→ What is needed
Give an unaltered copy of the listing below, minus its pictures.

→ Data section
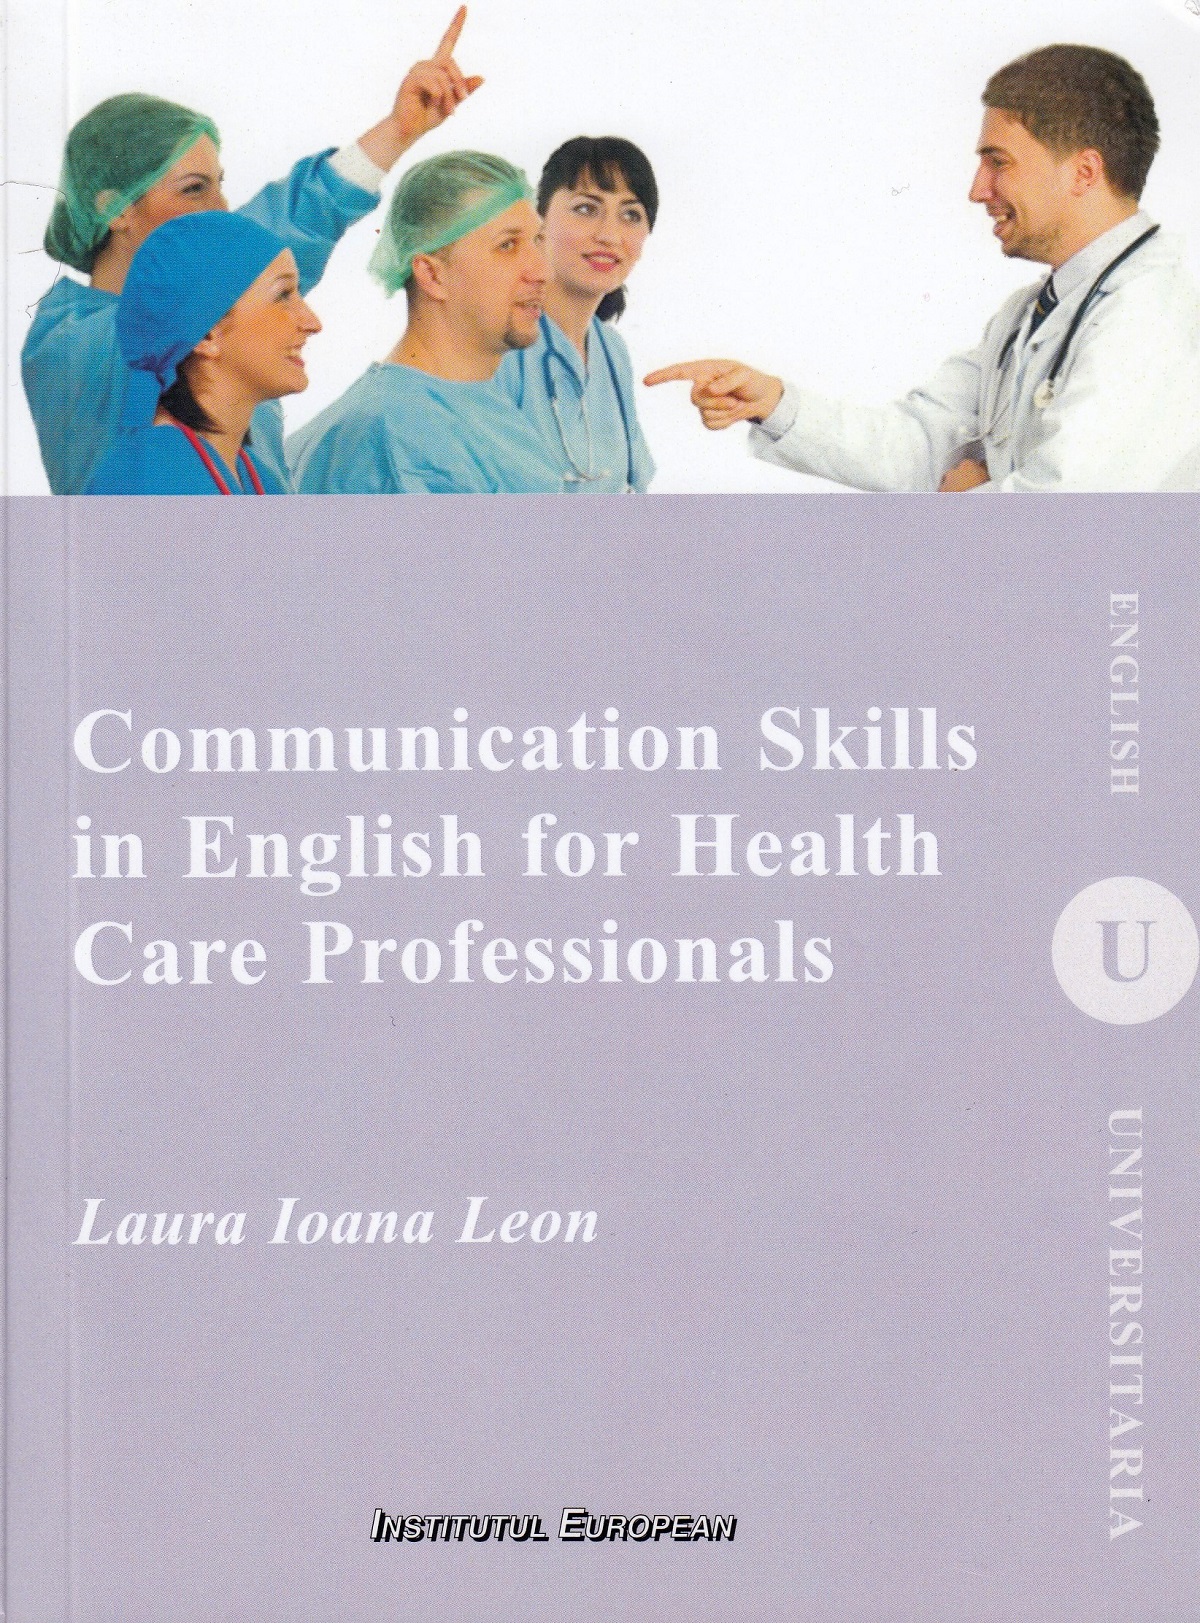 Communication Skills in English for Health Care Professionals - Laura Ioana Leon
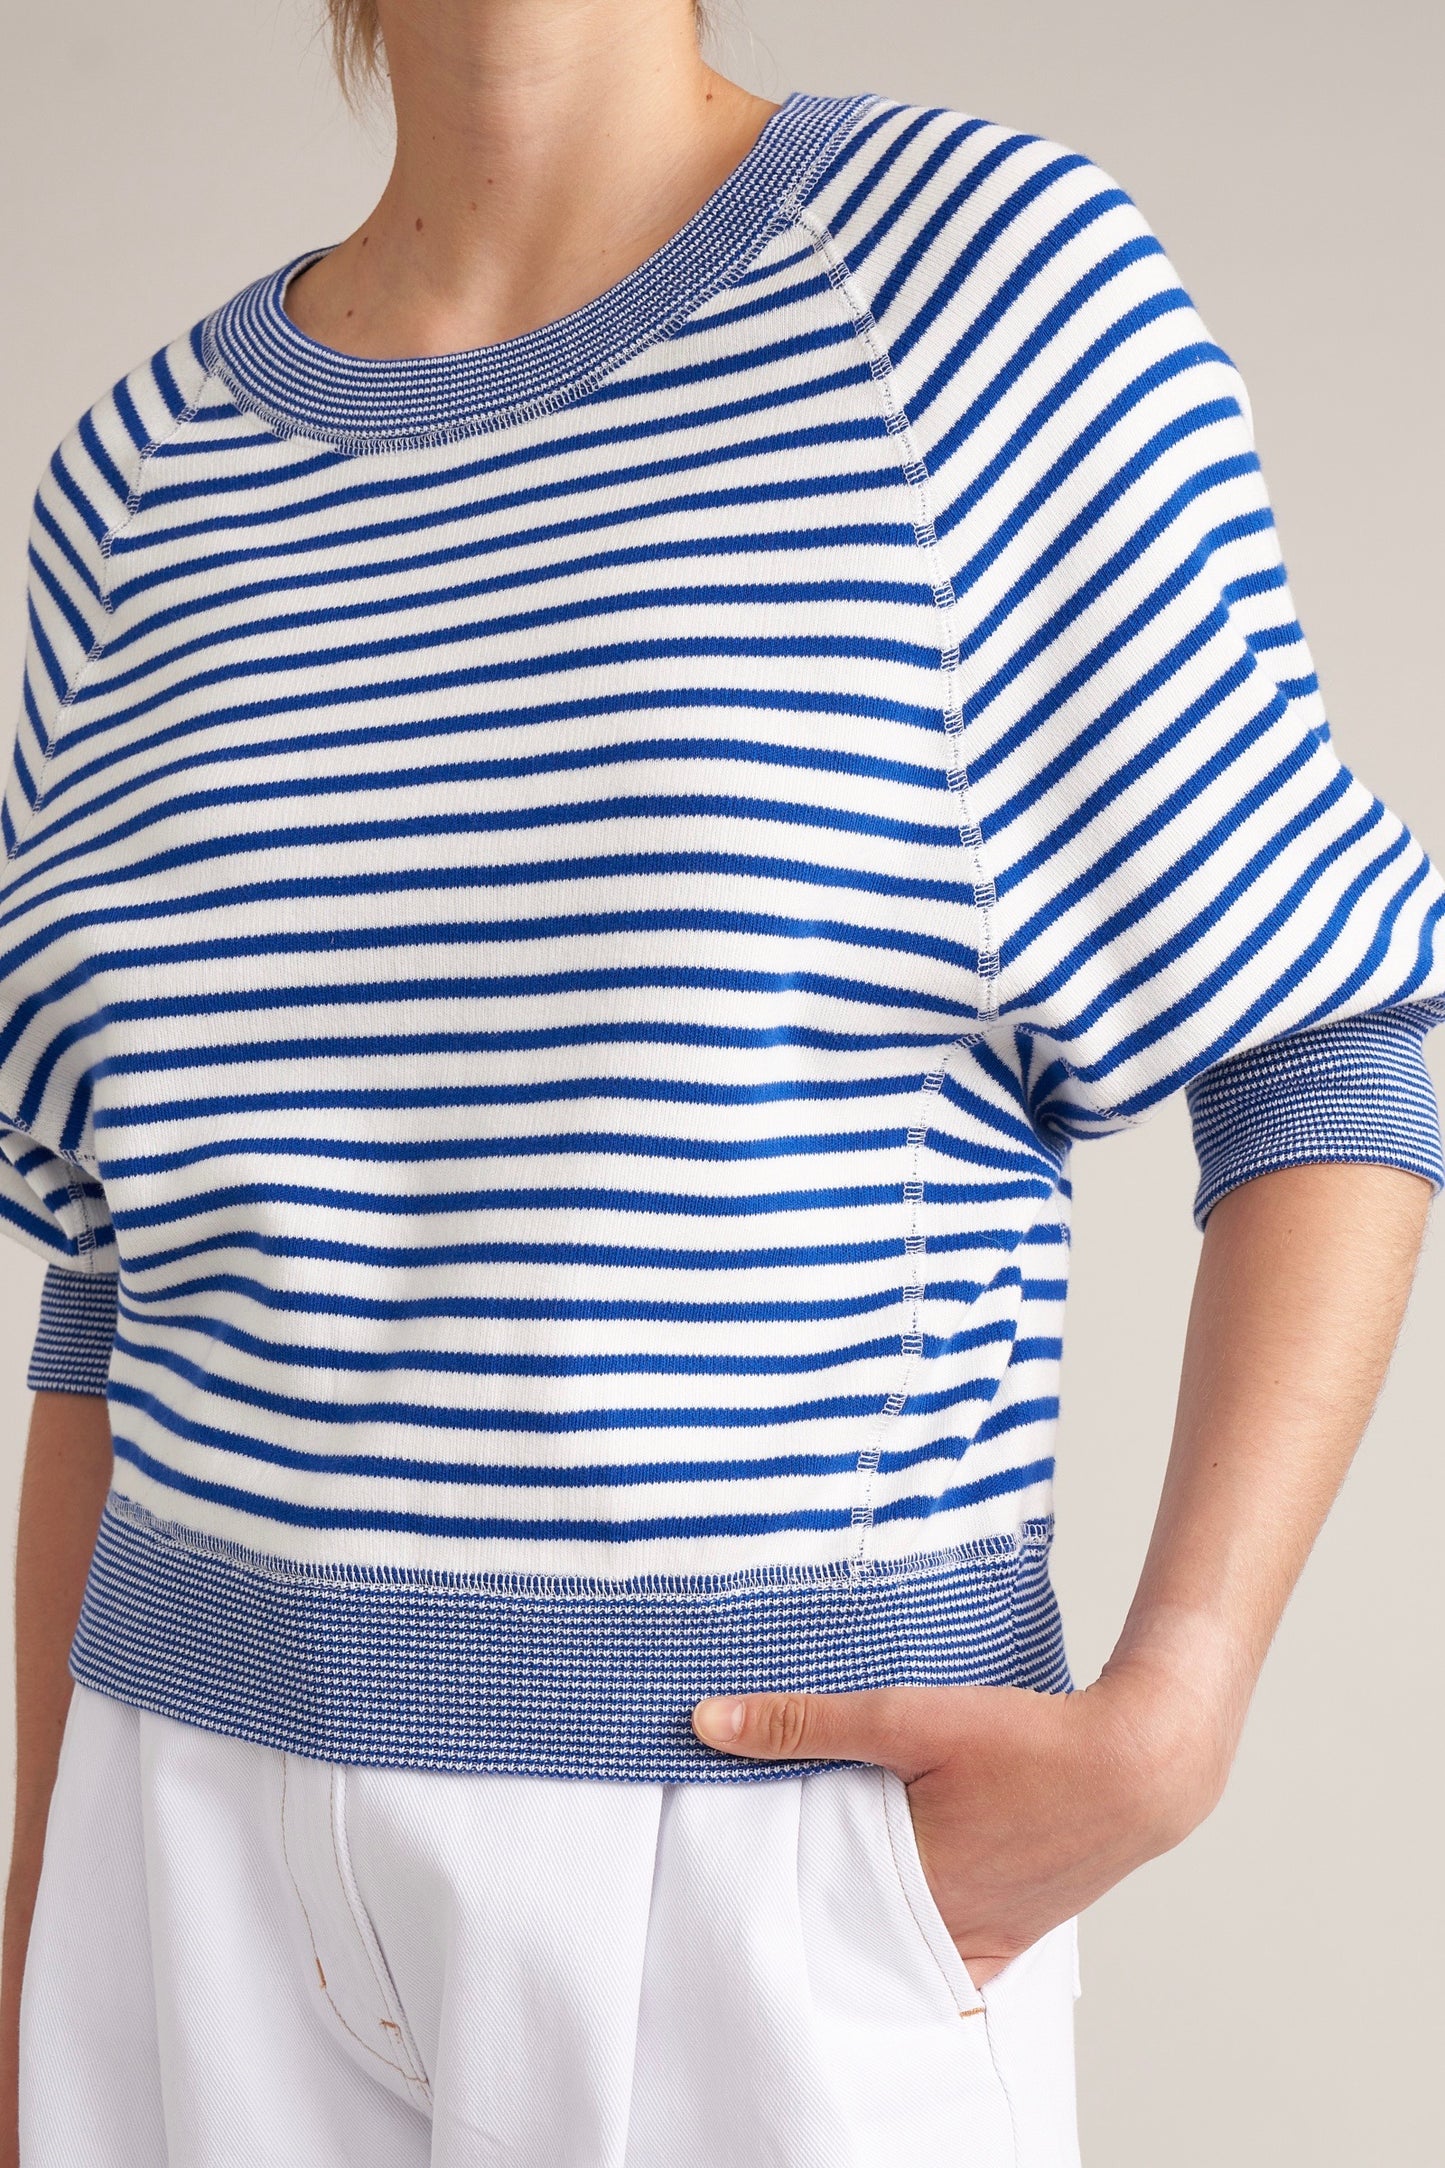 Bellerose - Anglet Sweater: Stripe A
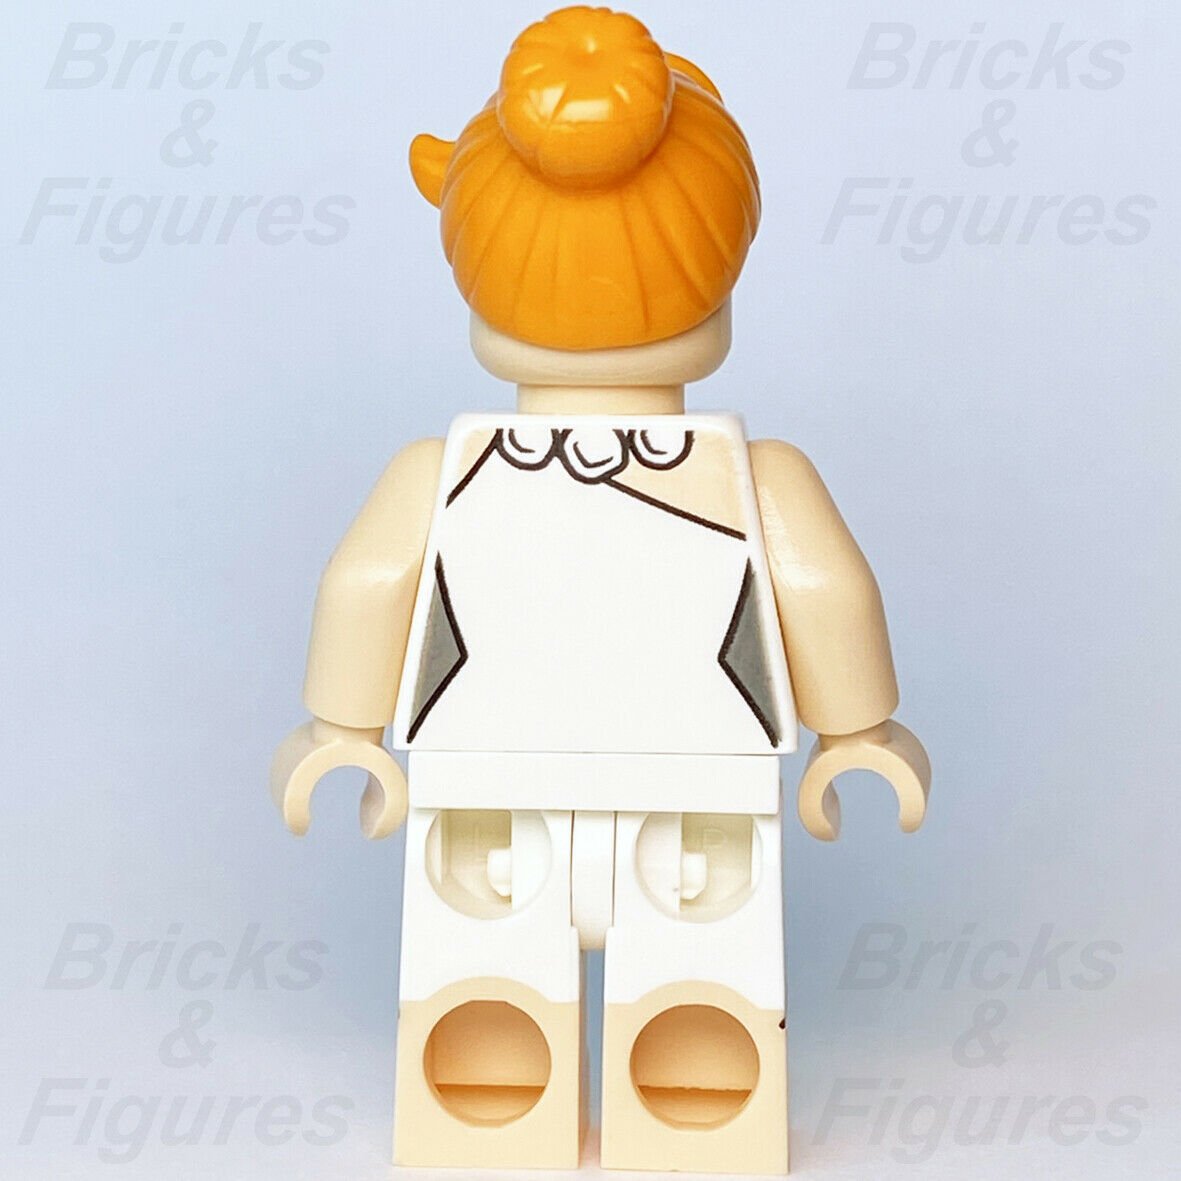 New Ideas LEGO Wilma Flintstone CUUSOO The Flintstones Minifigure 21316 idea046 - Bricks & Figures
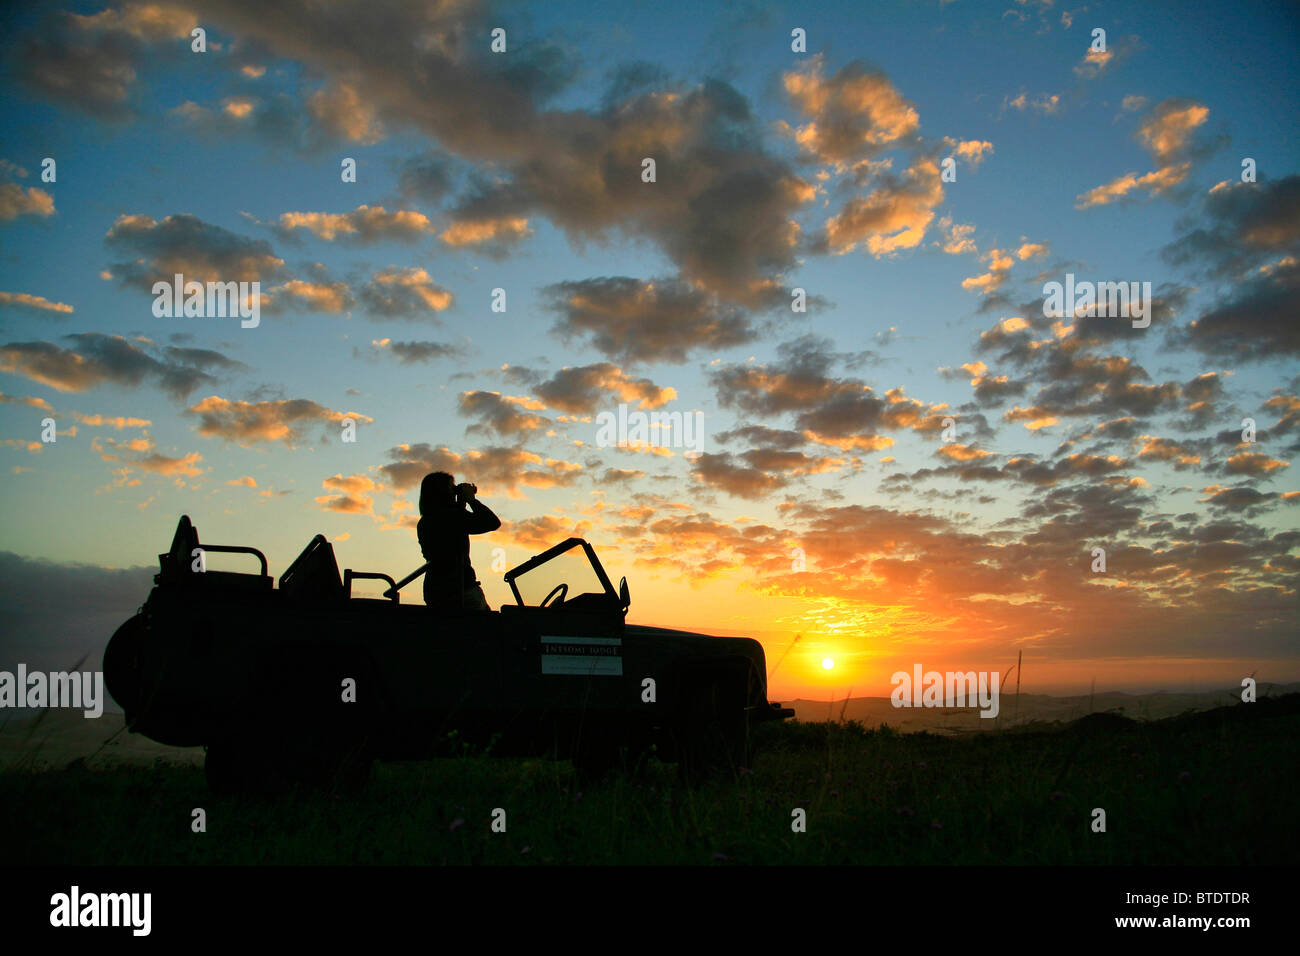 Ranger standing up in an open topped safari vehicle looking through binoculars at sunset Stock Photo

→ The completed task
 Communication Skills in English for Health Care Professionals - Laura Ioana Leon
 Bellerose - Anglet Sweater: Stripe A
 New Ideas LEGO Wilma Flintstone CUUSOO The Flintstones Minifigure 21316 idea046 - Bricks & Figures
 Ranger standing up in an open topped safari vehicle looking through binoculars at sunset Stock Photo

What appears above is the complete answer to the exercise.